As shown by reference number 235, the machine learning system may use one or more hyperparameter sets 240 to tune the machine learning model. A hyperparameter may include a structural parameter that controls execution of a machine learning algorithm by the machine learning system, such as a constraint applied to the machine learning algorithm. Unlike a model parameter, a hyperparameter is not learned from data input into the model. An example hyperparameter for a regularized regression algorithm includes a strength (e.g., a weight) of a penalty applied to a regression coefficient to mitigate overfitting of the machine learning model to the training set 220. The penalty may be applied based on a size of a coefficient value (e.g., for Lasso regression, such as to penalize large coefficient values), may be applied based on a squared size of a coefficient value (e.g., for Ridge regression, such as to penalize large squared coefficient values), may be applied based on a ratio of the size and the squared size (e.g., for Elastic-Net regression), and/or may be applied by setting one or more feature values to zero (e.g., for automatic feature selection). Example hyperparameters for a decision tree algorithm include a tree ensemble technique to be applied (e.g., bagging, boosting, a random forest algorithm, and/or a boosted trees algorithm), a number of features to evaluate, a number of observations to use, a maximum depth of each decision tree (e.g., a number of branches permitted for the decision tree), or a number of decision trees to include in a random forest algorithm.
To train a machine learning model, the machine learning system may identify a set of machine learning algorithms to be trained (e.g., based on operator input that identifies the one or more machine learning algorithms and/or based on random selection of a set of machine learning algorithms), and may train the set of machine learning algorithms (e.g., independently for each machine learning algorithm in the set) using the training set 220. The machine learning system may tune each machine learning algorithm using one or more hyperparameter sets 240 (e.g., based on operator input that identifies hyperparameter sets 240 to be used and/or based on randomly generating hyperparameter values).

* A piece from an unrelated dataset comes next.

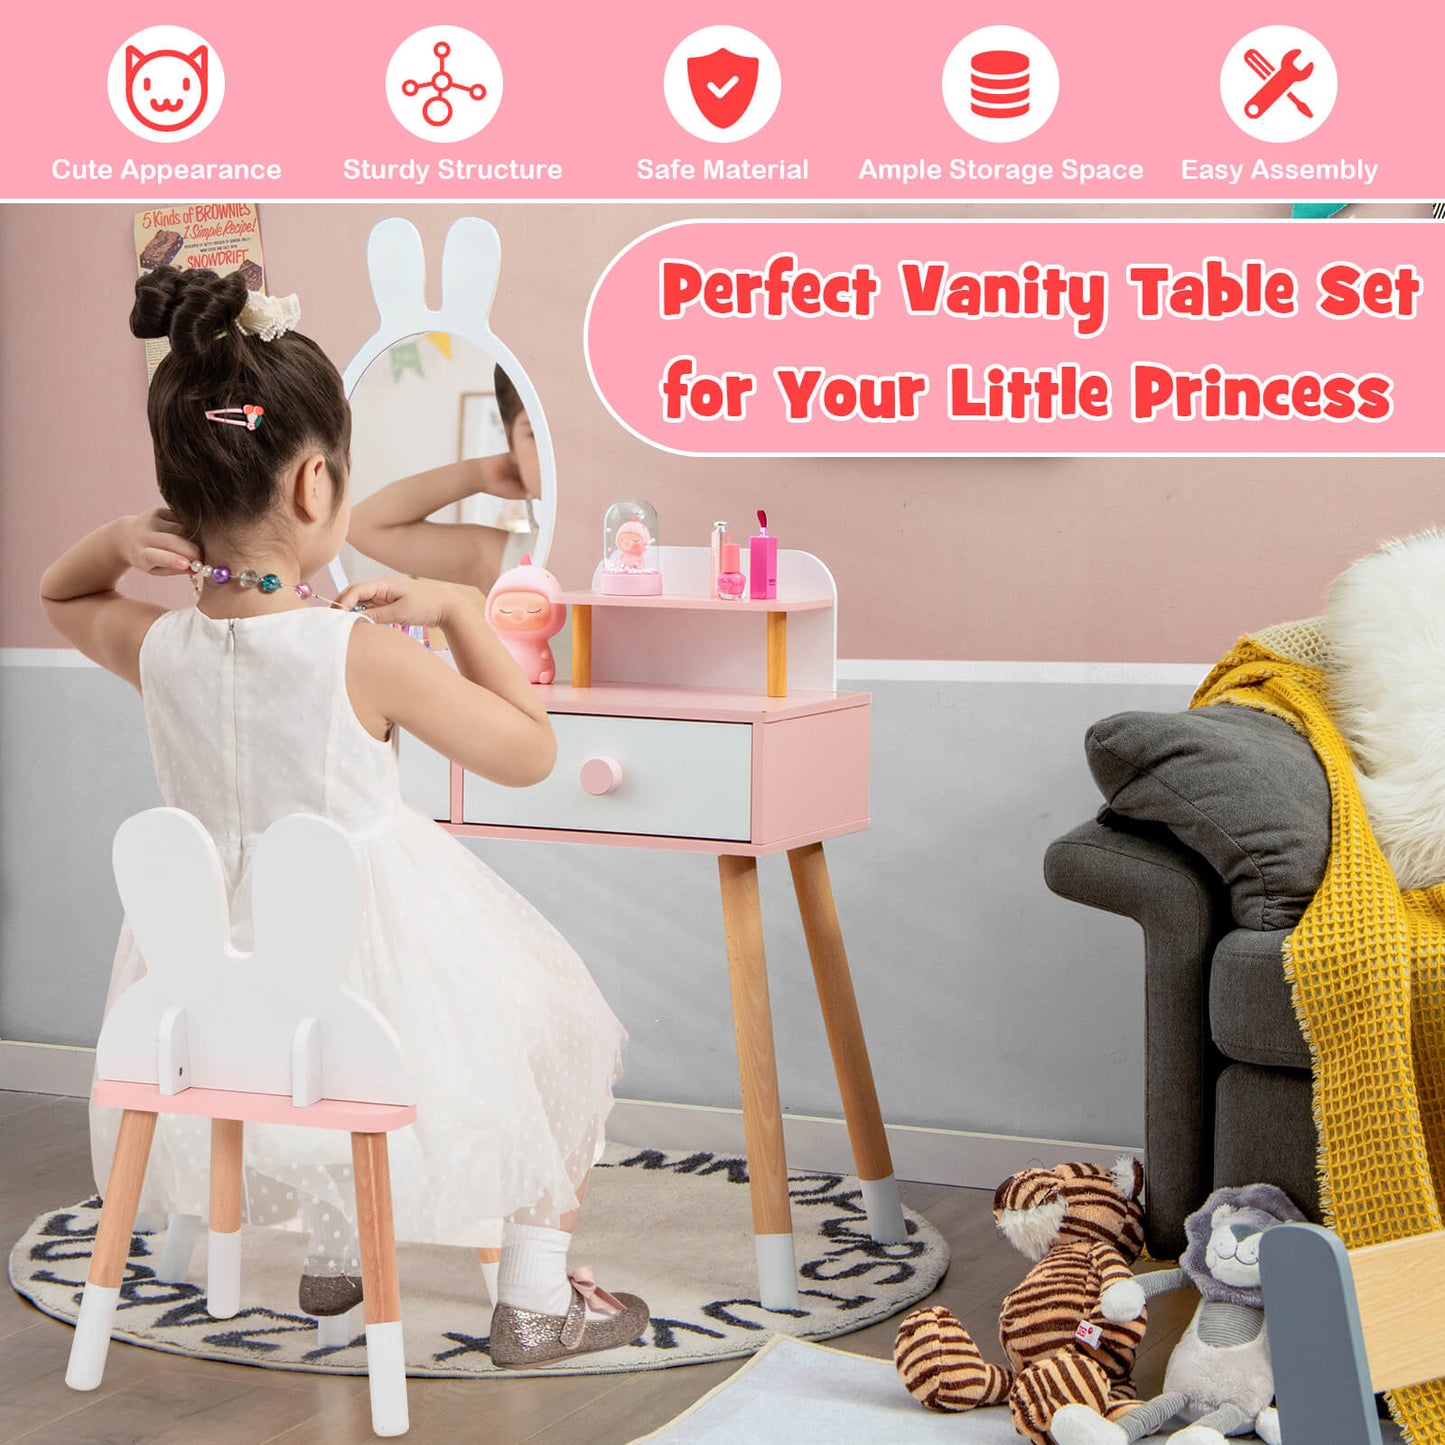 Kids Vanity Table and Chair Set with Drawer Shelf and Rabbit Mirror, White
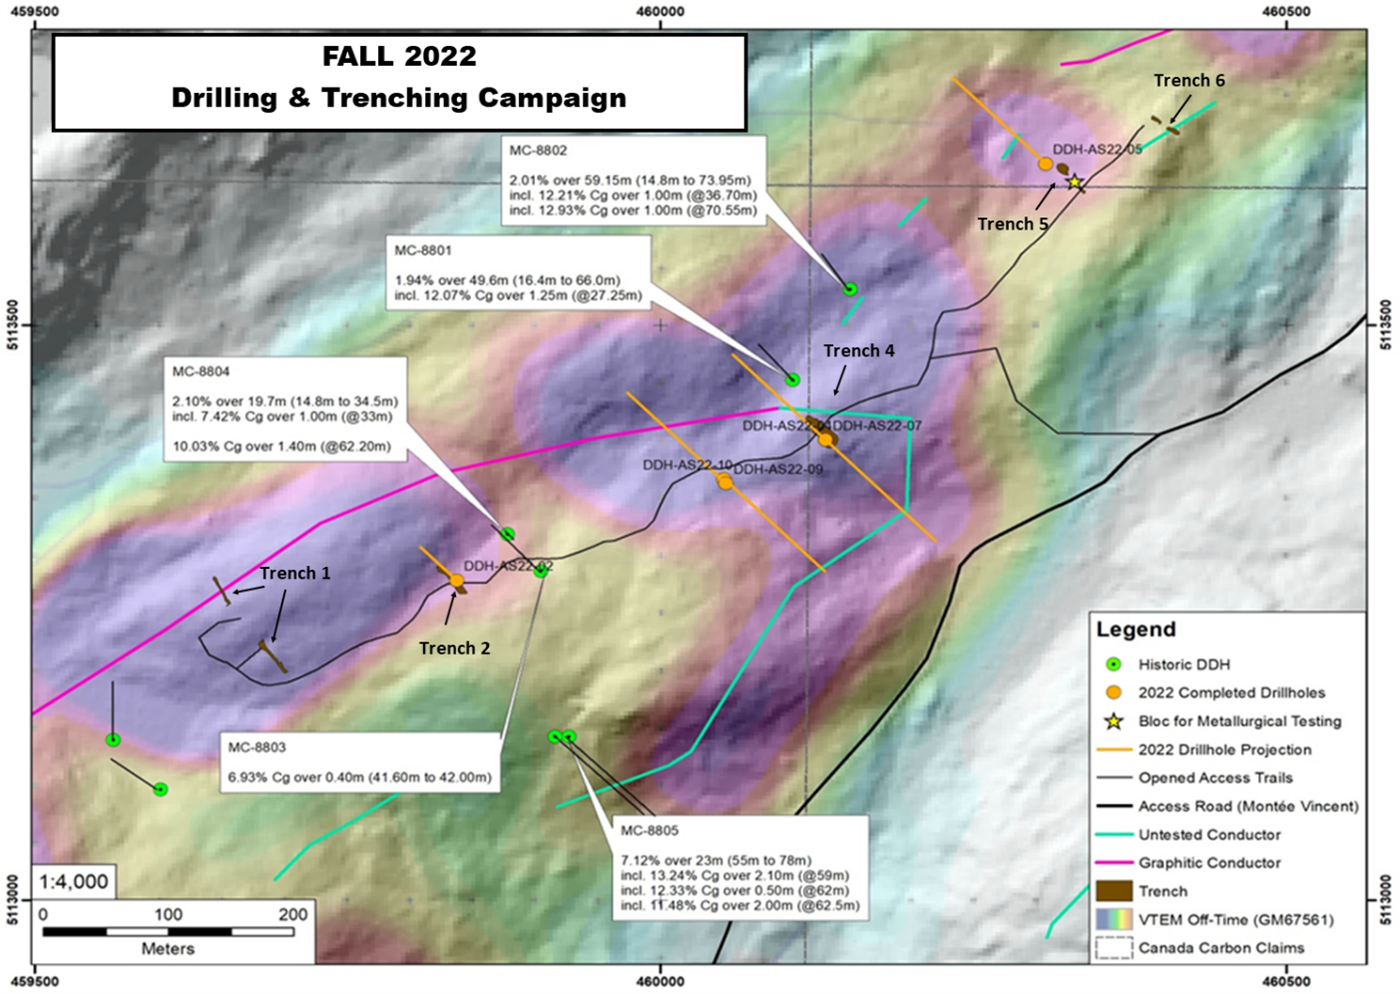 Historic Drill Holes plus Planned Trenches and Drill Holes in Fall 2022 Campaign

The machine learning system may train a particular machine learning model using a specific machine learning algorithm and a corresponding hyperparameter set 240. In some implementations, the machine learning system may train multiple machine learning models to generate a set of model parameters for each machine learning model, where each machine learning model corresponds to a different combination of a machine learning algorithm and a hyperparameter set 240 for that machine learning algorithm.
In some implementations, the machine learning system may perform cross-validation when training a machine learning model. Cross validation can be used to obtain a reliable estimate of machine learning model performance using only the training set 220, and without using the test set 225, such as by splitting the training set 220 into a number of groups (e.g., based on operator input that identifies the number of groups and/or based on randomly selecting a number of groups) and using those groups to estimate model performance. For example, using k-fold cross-validation, observations in the training set 220 may be split into k groups (e.g., in order or at random). For a training procedure, one group may be marked as a hold-out group, and the remaining groups may be marked as training groups. For the training procedure, the machine learning system may train a machine learning model on the training groups and then test the machine learning model on the hold-out group to generate a cross-validation score. The machine learning system may repeat this training procedure using different hold-out groups and different test groups to generate a cross-validation score for each training procedure. In some implementations, the machine learning system may independently train the machine learning model k times, with each individual group being used as a hold-out group once and being used as a training group k-1 times. The machine learning system may combine the cross-validation scores for each training procedure to generate an overall cross-validation score for the machine learning model. The overall cross-validation score may include, for example, an average cross-validation score (e.g., across all training procedures), a standard deviation across cross-validation scores, or a standard error across cross-validation scores.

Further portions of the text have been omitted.